This page is for real life example bugs that we might like to do something useful with in TASS.
- MPICH
parameters are NPROCS and count For certain vaues, the recv count argument to an MPI_Sendrecv is negative. This is reduced to capture the essence of the bug. The original code is here: https://svn.mcs.anl.gov/repos/mpi/mpich2/trunk/src/mpi/coll/bcast.c
The method is MPIR_Bcast_scatter_doubling_allgather()
#include<stdlib.h>
#include<stdio.h>
#include<assert.h>
int NPROCS; /* Number of processes. 256 in the field failure */
int RANK; /* my rank. 0<=RANK<NPROCS. 254 in field failure */
void f(int count, int root) {
/* assume count >= 0 && 0<=root<NPROCS */
int nbytes=0, i, dst_tree_root, relative_dst, comm_size, rank, type_size;
int scatter_size, recv_offset, mask, relative_rank;
comm_size = NPROCS;
rank = RANK; /* anything in range 0..comm_size-1 */
relative_rank = (rank >= root) ? rank - root : rank - root + comm_size;
type_size = 4; /* 4 byte ints. Anything >0 */
nbytes = type_size * count;
scatter_size = (nbytes + comm_size - 1)/comm_size; /* ceiling division */
mask = 0x1; /* same as 1 in an unsigned format */
i = 0;
while (mask < comm_size) {
/* flip the i+1-th bit from the right. either add 2^i or subtract it */
/* same as: ((x/2^i)%2==0 ? x+2^i : x-2^i) */
relative_dst = relative_rank ^ mask;
/* 0 out the i right-most bits */
dst_tree_root = relative_dst >> i; /* int divide by 2^i */
dst_tree_root <<= i; /* multiply by 2^i */
recv_offset = dst_tree_root * scatter_size;
if (relative_dst < comm_size) {
int my_count = nbytes-recv_offset;
if (my_count < 0) {
printf("NPROCS=d, count=d, nbytes-recv_offset=%d\n",
NPROCS, RANK, count, i, my_count);
fflush(stdout);
}
}
mask <<= 1; /* mask=mask*2 */
i++;
}
}
int main(int argc, char* argv[]) {
int count = 3251;
int ROOT = 0;
for (NPROCS = 1; NPROCS <=256; NPROCS++) {
for (RANK=0; RANK<NPROCS; RANK++) {
f(count,ROOT);
}
}
return 0;
}
[6/1/10 2:37:43 PM] Tim Zirkel: so the problem is the nbytes-recv_offset?

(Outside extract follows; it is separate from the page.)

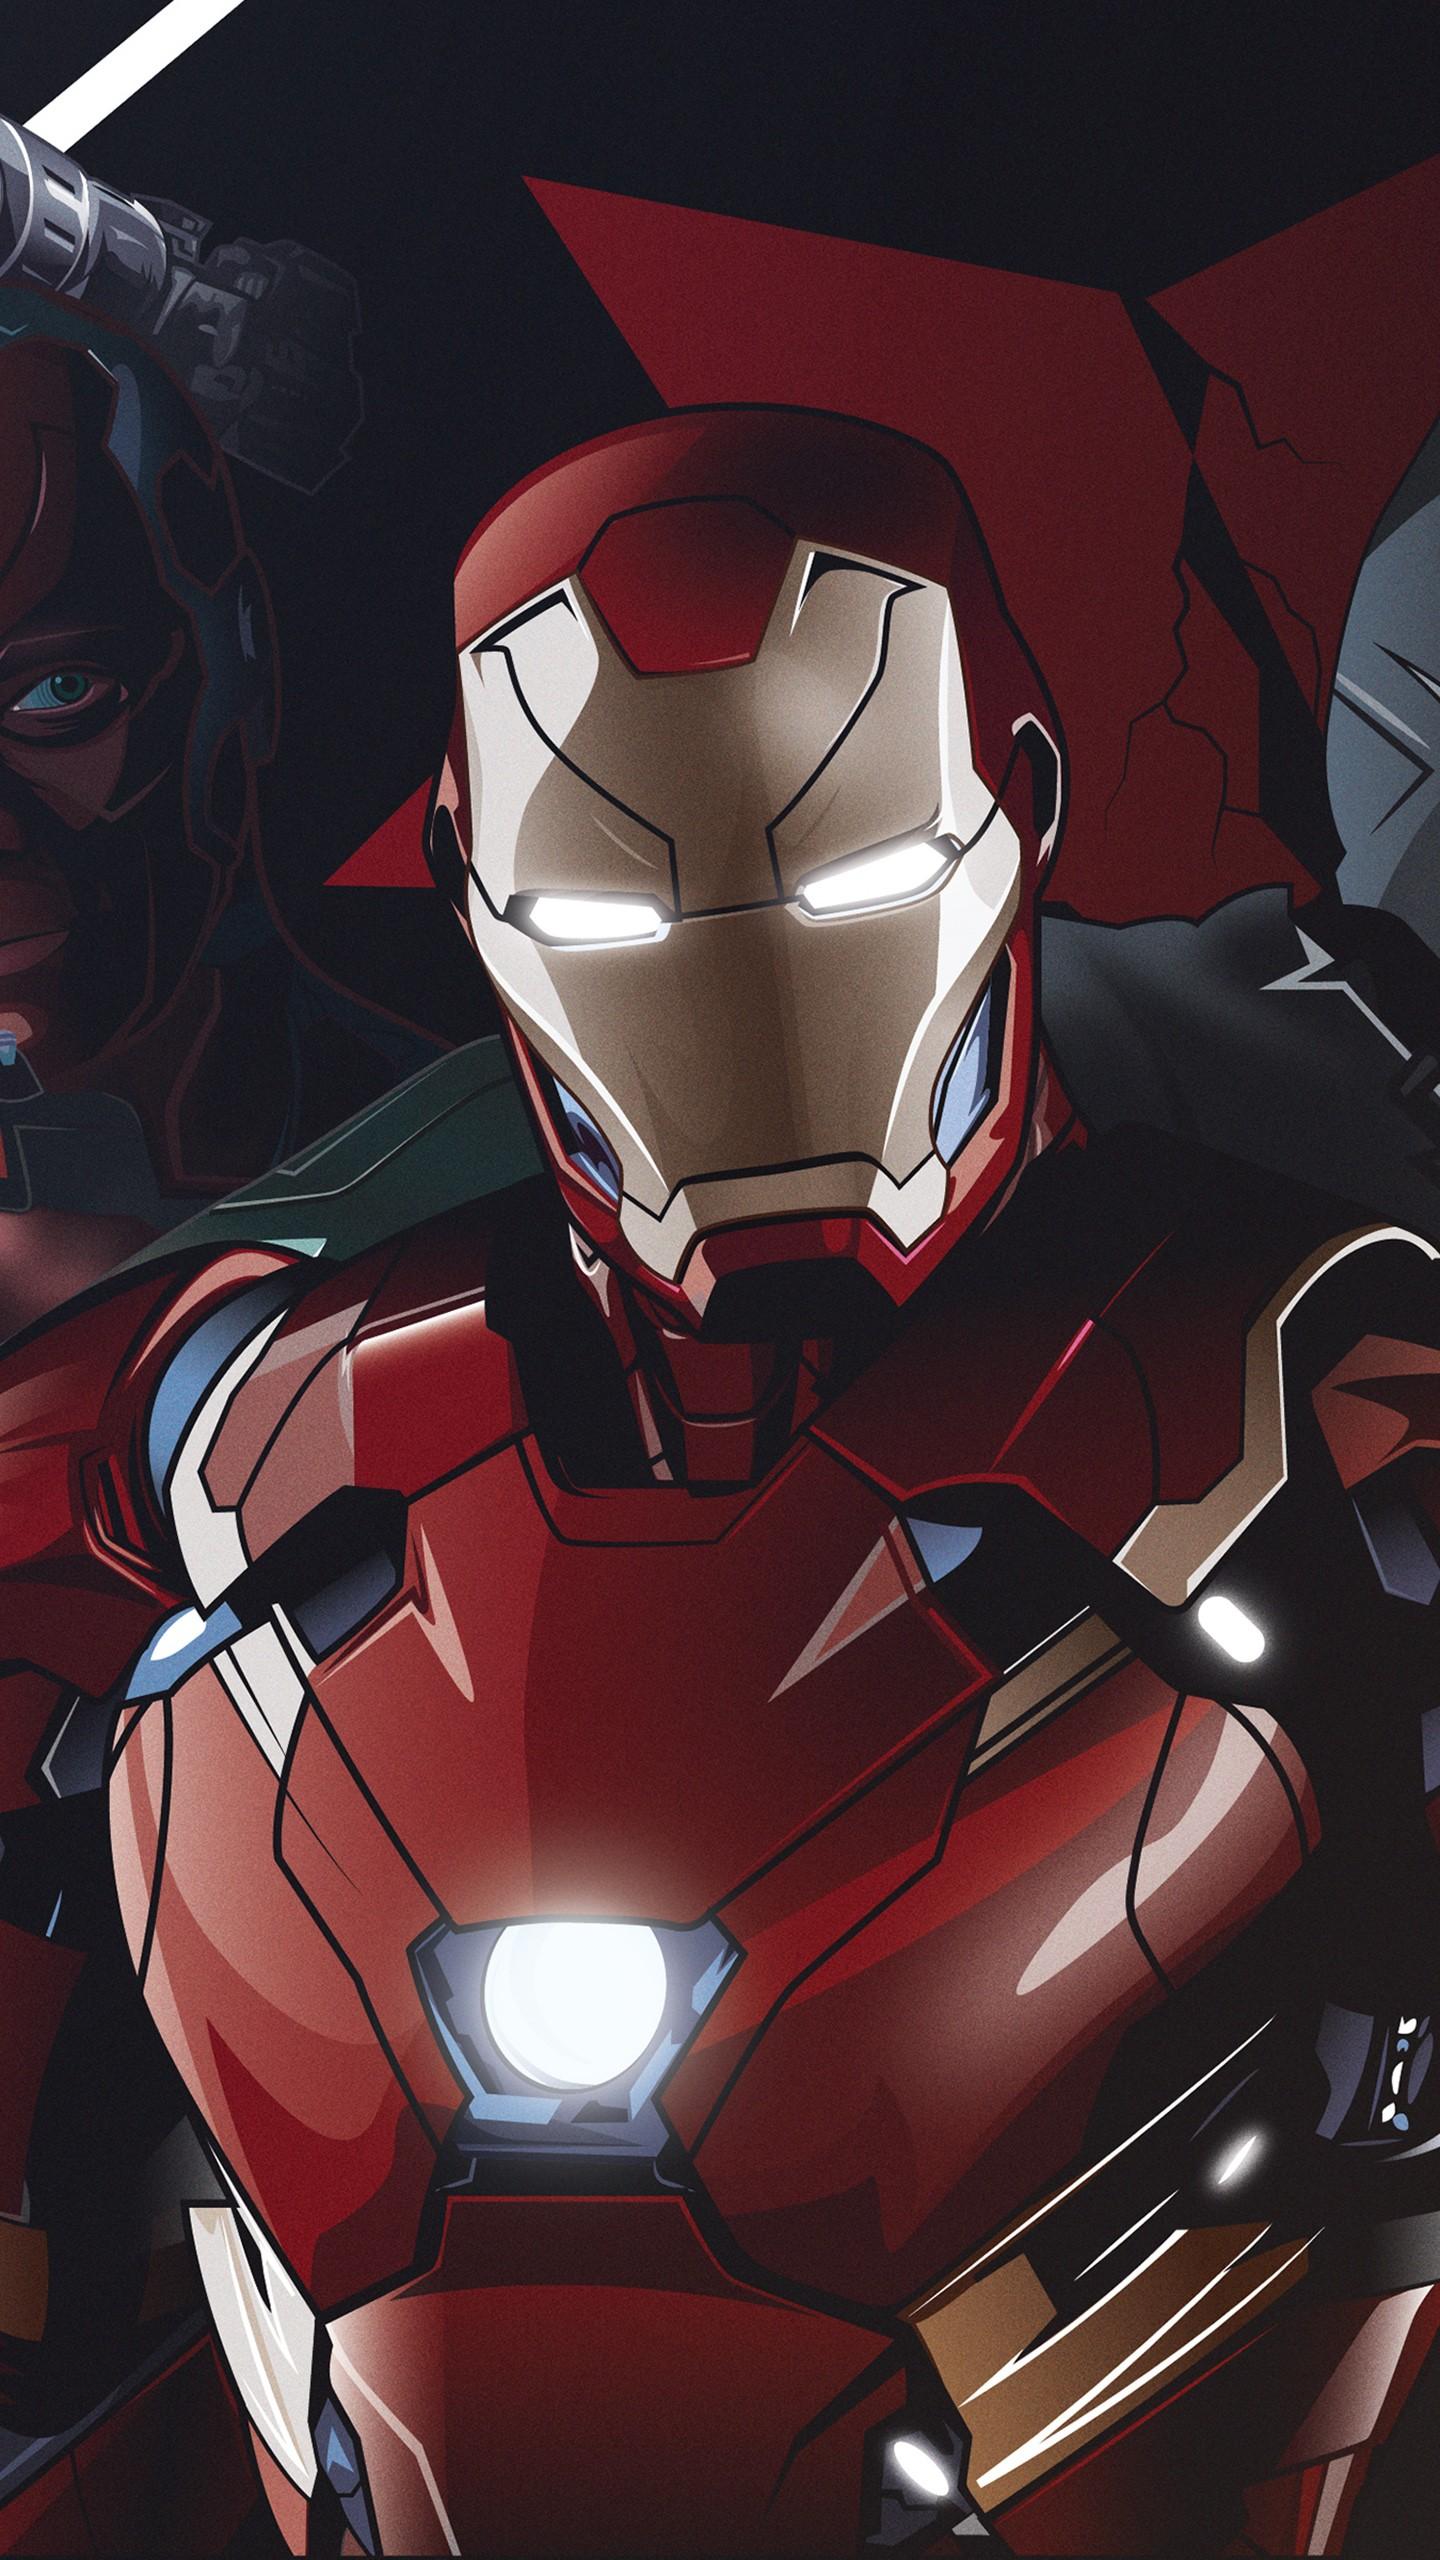 Superhero Hd Wallpapers Iphone Marvel Superheroes 4k Wallpapers Hd Wallpapers Id 24925

[6/1/10 2:37:59 PM] Stephen Siegel: yeah, that is used as the argument to MPI_Sendrecv, as the recv count arg.
[6/1/10 2:40:12 PM] Stephen Siegel: the problem is all the bitwise operations
[6/1/10 2:40:40 PM] Stephen Siegel: i was trying to translate them to arithmetic ops
[6/1/10 2:43:52 PM] Stephen Siegel: So in the actual field failure, NPROCS was 256
[6/1/10 2:44:28 PM] Stephen Siegel: and the defect only manifests when 3201<=count<=3251 on rank 254
[6/1/10 2:44:41 PM] Stephen Siegel: Otherwise, the recv count is non-negative, so no failure
[6/1/10 2:47:22 PM] Stephen Siegel: Another interesting view of the defect: if you fix count at 3201, then you need at least 128 procs before the defect manifests
[6/1/10 2:47:57 PM] Stephen Siegel: I "know" that (pretty sure anyway) by writing a loop that goes over all possible values with count<=100000 or something like that.

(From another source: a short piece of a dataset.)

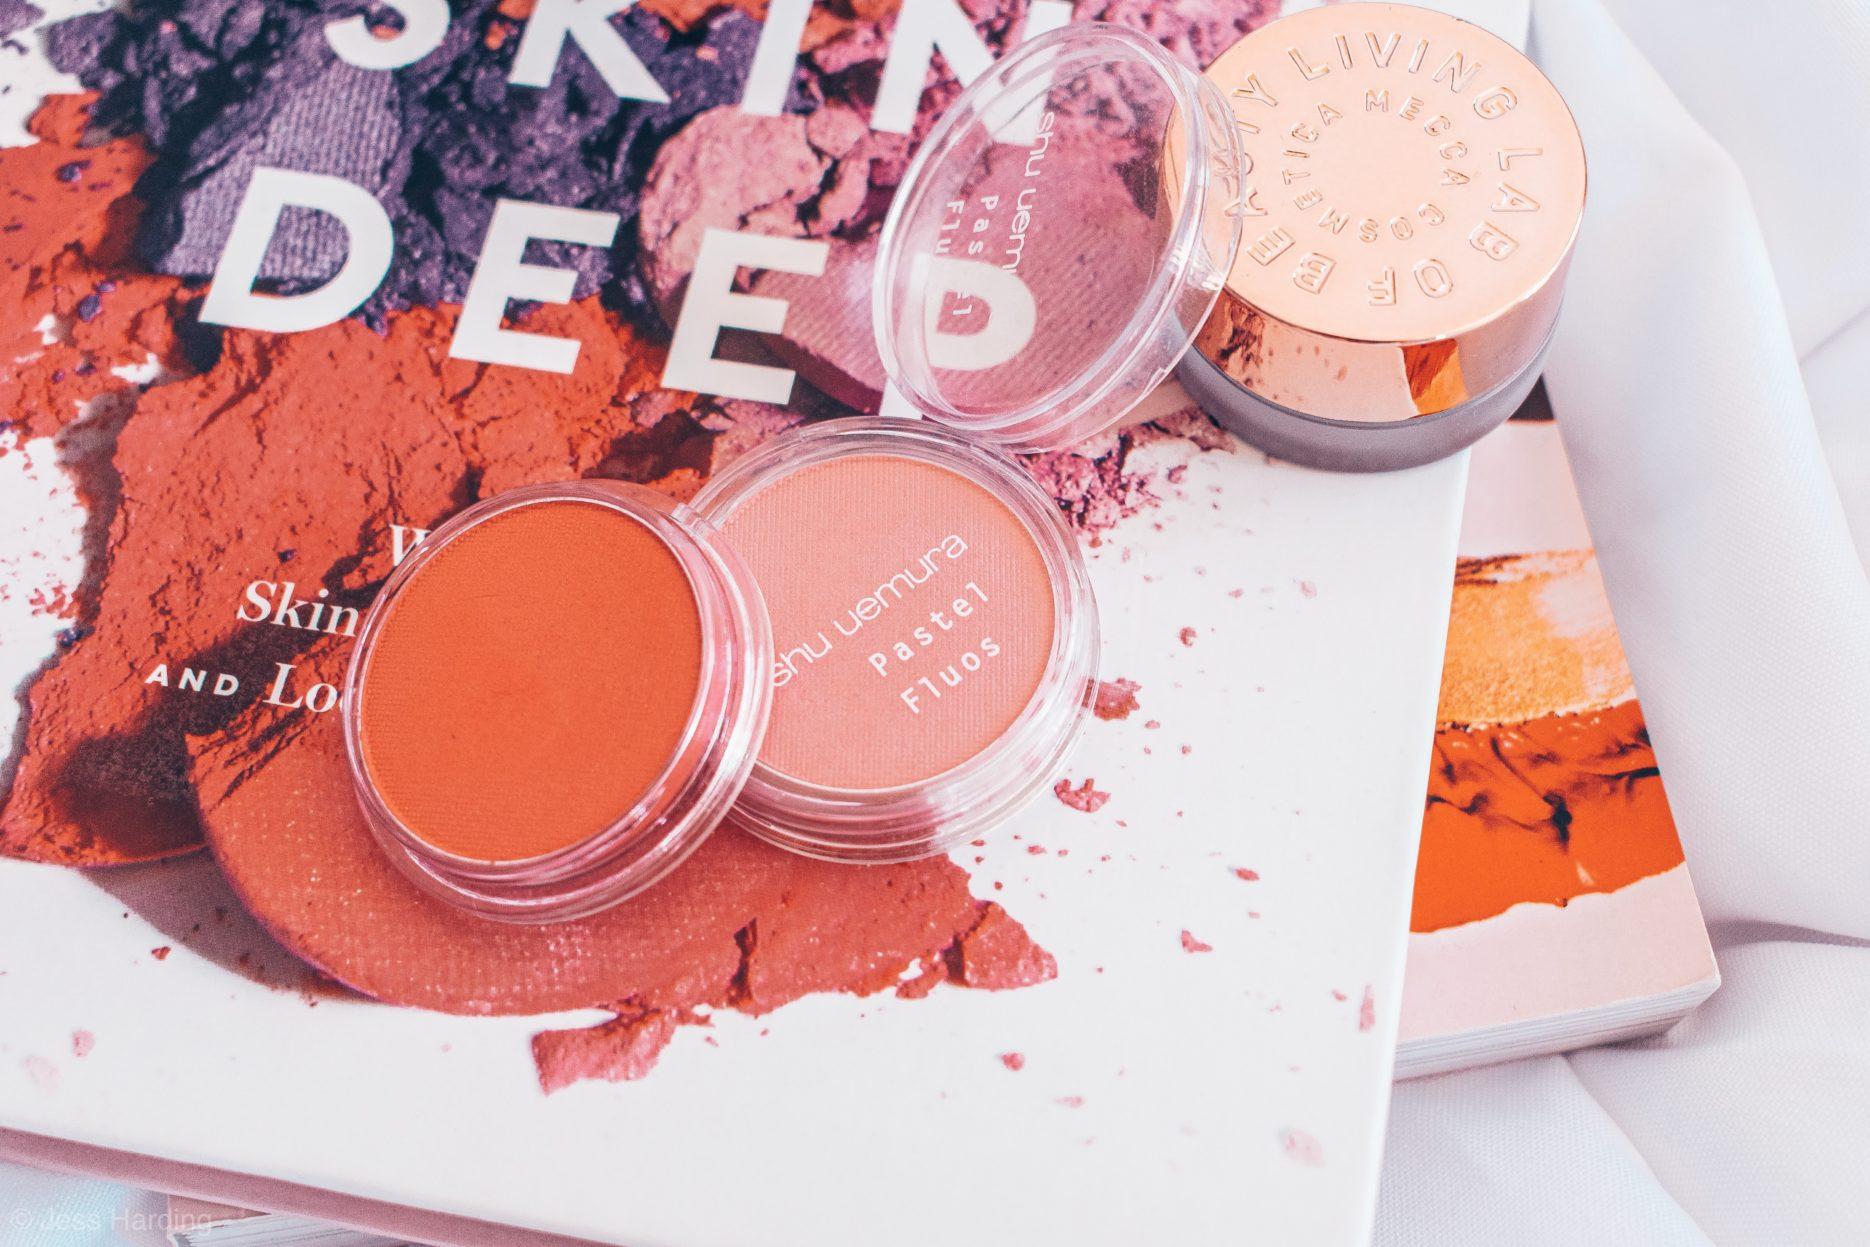 Beauty brands on Tmall. Credit: Unsplash

[6/1/10 2:48:32 PM] Stephen Siegel: So if you fix any one of the parameters, it is a very specific range in the other parameter that you need to find to catch the bug.
[6/1/10 2:48:42 PM] Stephen Siegel: (Two parameters are NPROCS and count.)
[6/1/10 2:49:08 PM] Stephen Siegel: However, if you let both parameters be free, then you can catch the defect with NPROCS=6
[6/1/10 2:49:21 PM] Stephen Siegel: and count=something reasonably small, maybe 2
[6/1/10 2:49:39 PM] Stephen Siegel: But you need at least 6 procs, I think.